Prior to releasing any information (e.g., data and statistics), you must review the legal requirements. As you learned from the book and the questionnaire in the first week of class, the United States has no federal law regulating how personal data can be collected, stored, and used. A privacy policy does not equate to data privacy protections.
The laws governing data collection and dissemination are limited to specific federal agencies (e.g., U.S. Census Bureau) or specific data types (e.g., education).
8.2.1 Federal privacy laws
CIPSEA establishes uniform confidentiality protections for information collected for statistical purposes by U.S. statistical agencies, and it allows some data sharing between the Bureau of Labor Statistics, Bureau of Economic Analysis, and Census Bureau. The agencies report to Office of Management and Budget on particular actions related to confidentiality and data sharing.

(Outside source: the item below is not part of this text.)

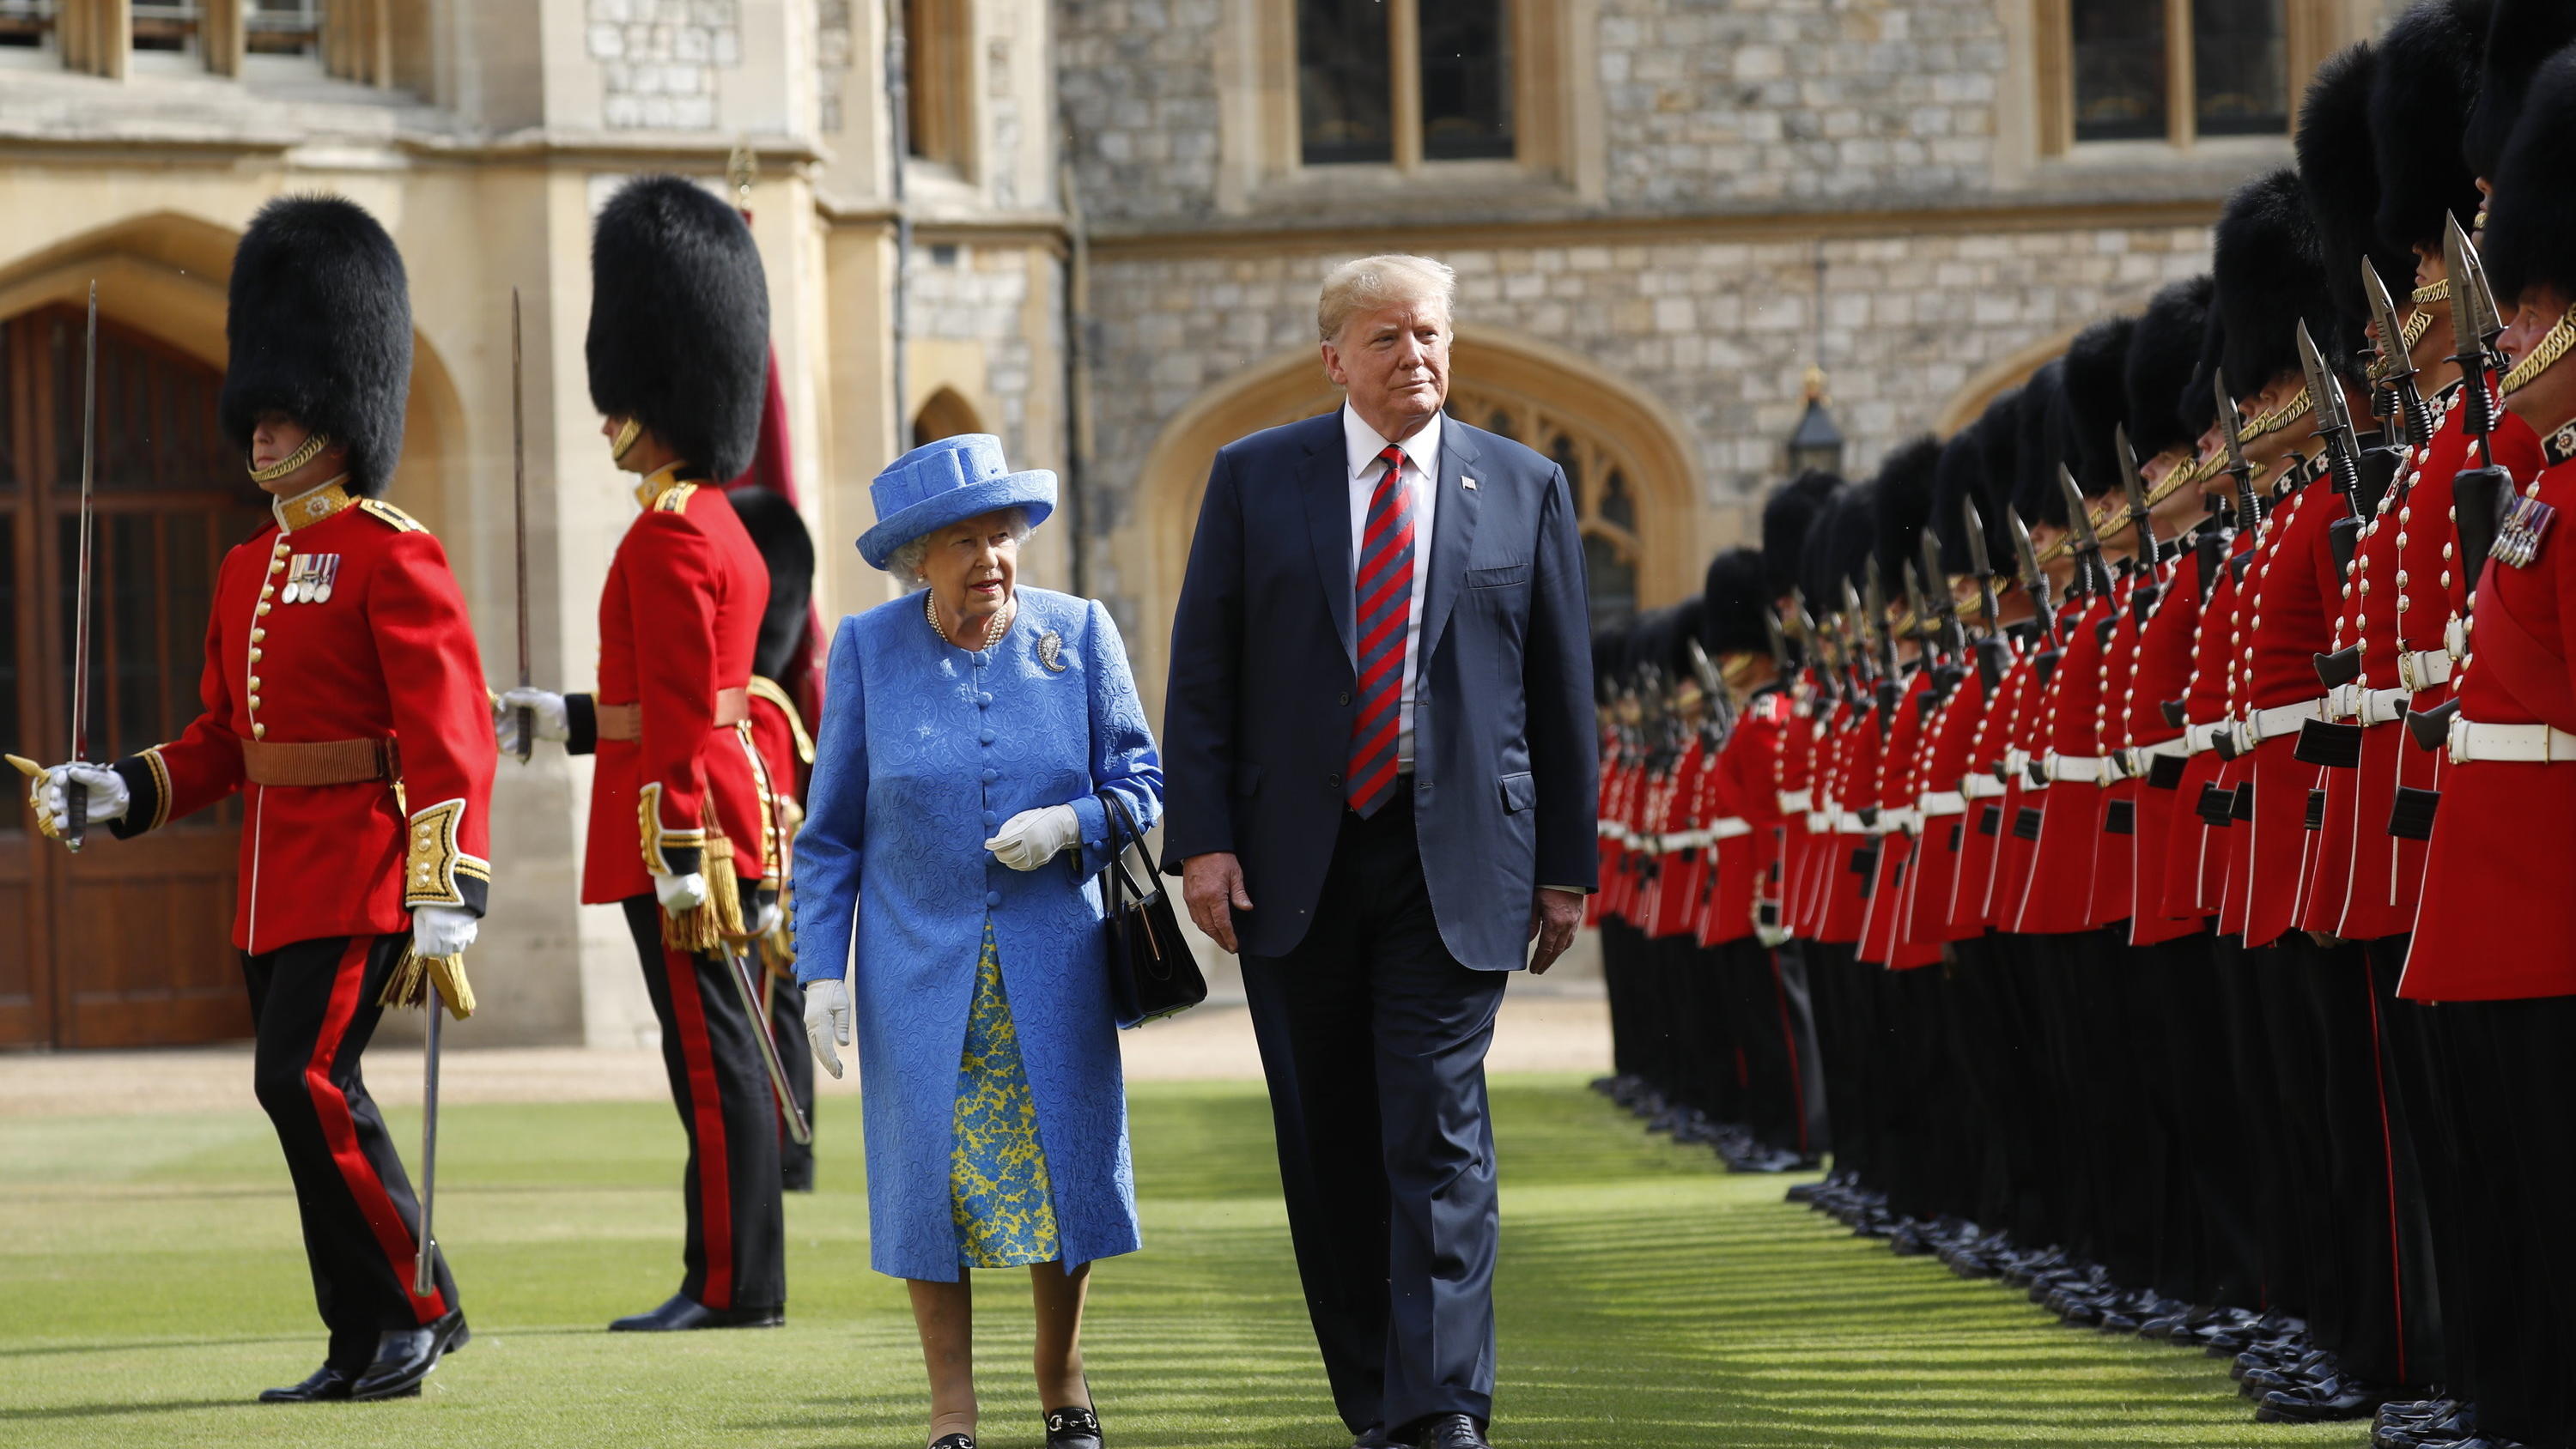 US-Präsident Trump mit der Queen in Großbritannien bei der Ehrengarde in 2018

The law gives the agencies standardized approaches to protecting information from respondents so that it will not be exposed in ways that lead to inappropriate or surprising identification of the respondent. By default the respondent’s data is used for statistical purposes only. If the respondent gives informed consent, the data can be put to some other use.
From Wiki.
A reauthorization of CIPSEA in 2018-19 gave the statistical agencies more opportunities to use administrative data for statistical purposes, and required them to more deeply analyze risks to privacy and confidentiality of respondents.

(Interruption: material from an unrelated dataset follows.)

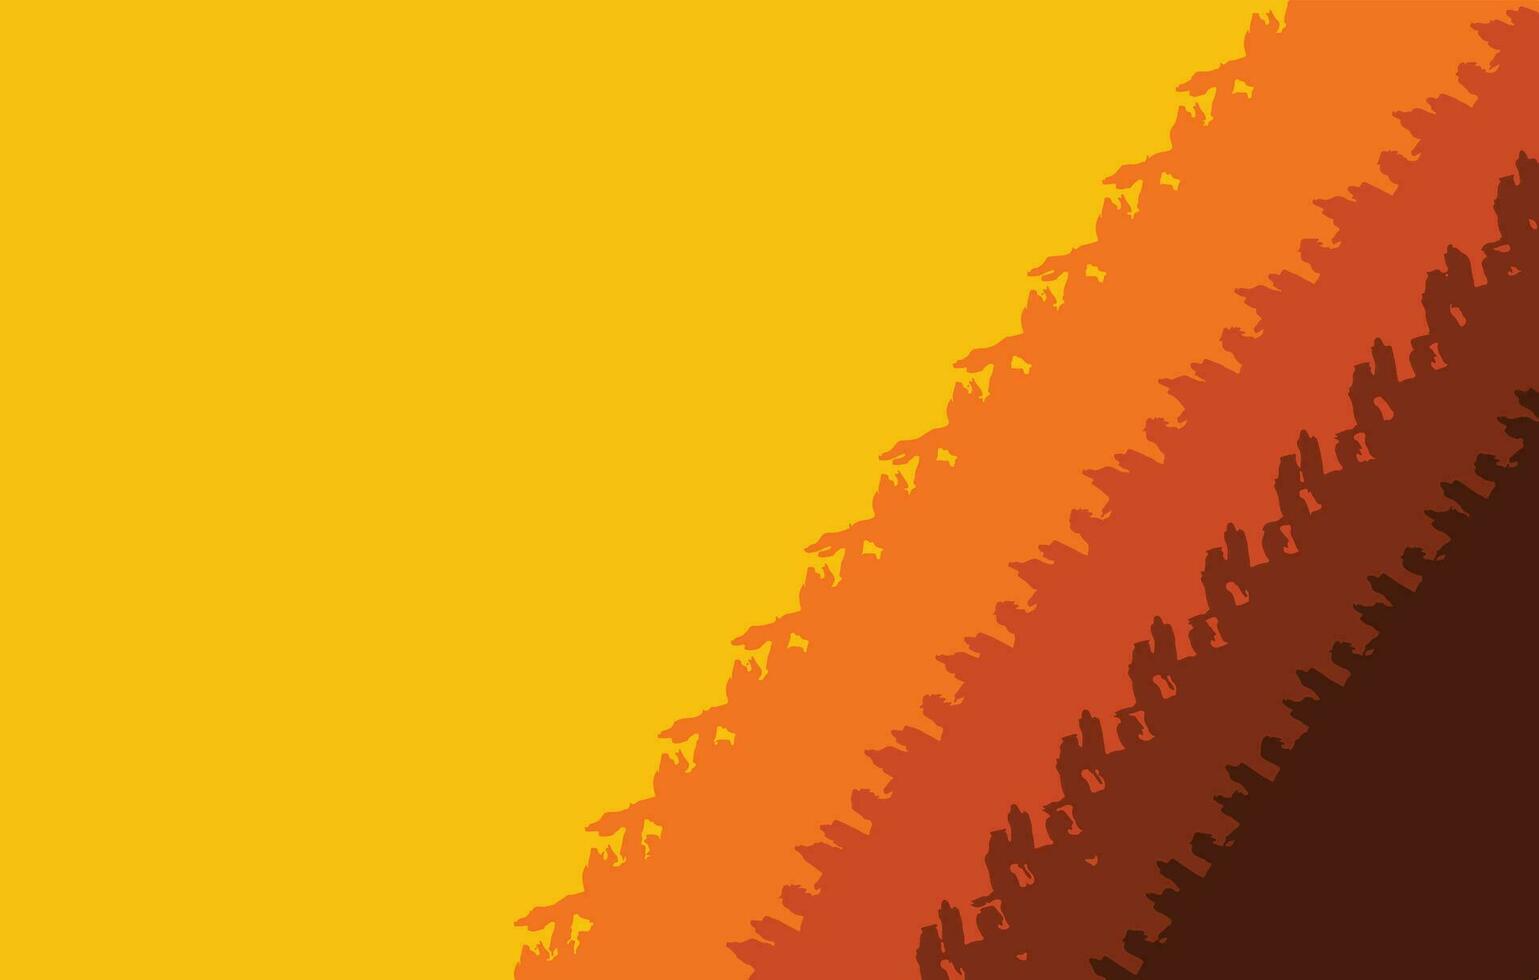 amarillo, naranja, rojo, y marrón resumen cepillo carrera vector antecedentes aislado en horizontal proporción modelo. sencillo plano fondo de pantalla con vacío Copiar espacio.

Foundations for Evidence-Based Policymaking Act of 2018 is often referred to as the Evidence Act and updated CIPSEA.
This Act protects children’s privacy by giving parents tools to control what information is collected from their children online. The Act requires the Commission to promulgate regulations requiring operators of commercial websites and online services directed to children under 13 or knowingly collecting personal information from children under 13 to: (a) notify parents of their information practices; (b) obtain verifiable parental consent for the collection, use, or disclosure of children’s personal information; (c) let parents prevent further maintenance or use or future collection of their child’s personal information; (d) provide parents access to their child’s personal information; (e) not require a child to provide more personal information than is reasonably necessary to participate in an activity; and (f) maintain reasonable procedures to protect the confidentiality, security, and integrity of the personal information. In order to encourage active industry self-regulation, the Act also includes a “safe harbor” provision allowing industry groups and others to request Commission approval of self-regulatory guidelines to govern participating websites’ compliance with the Rule.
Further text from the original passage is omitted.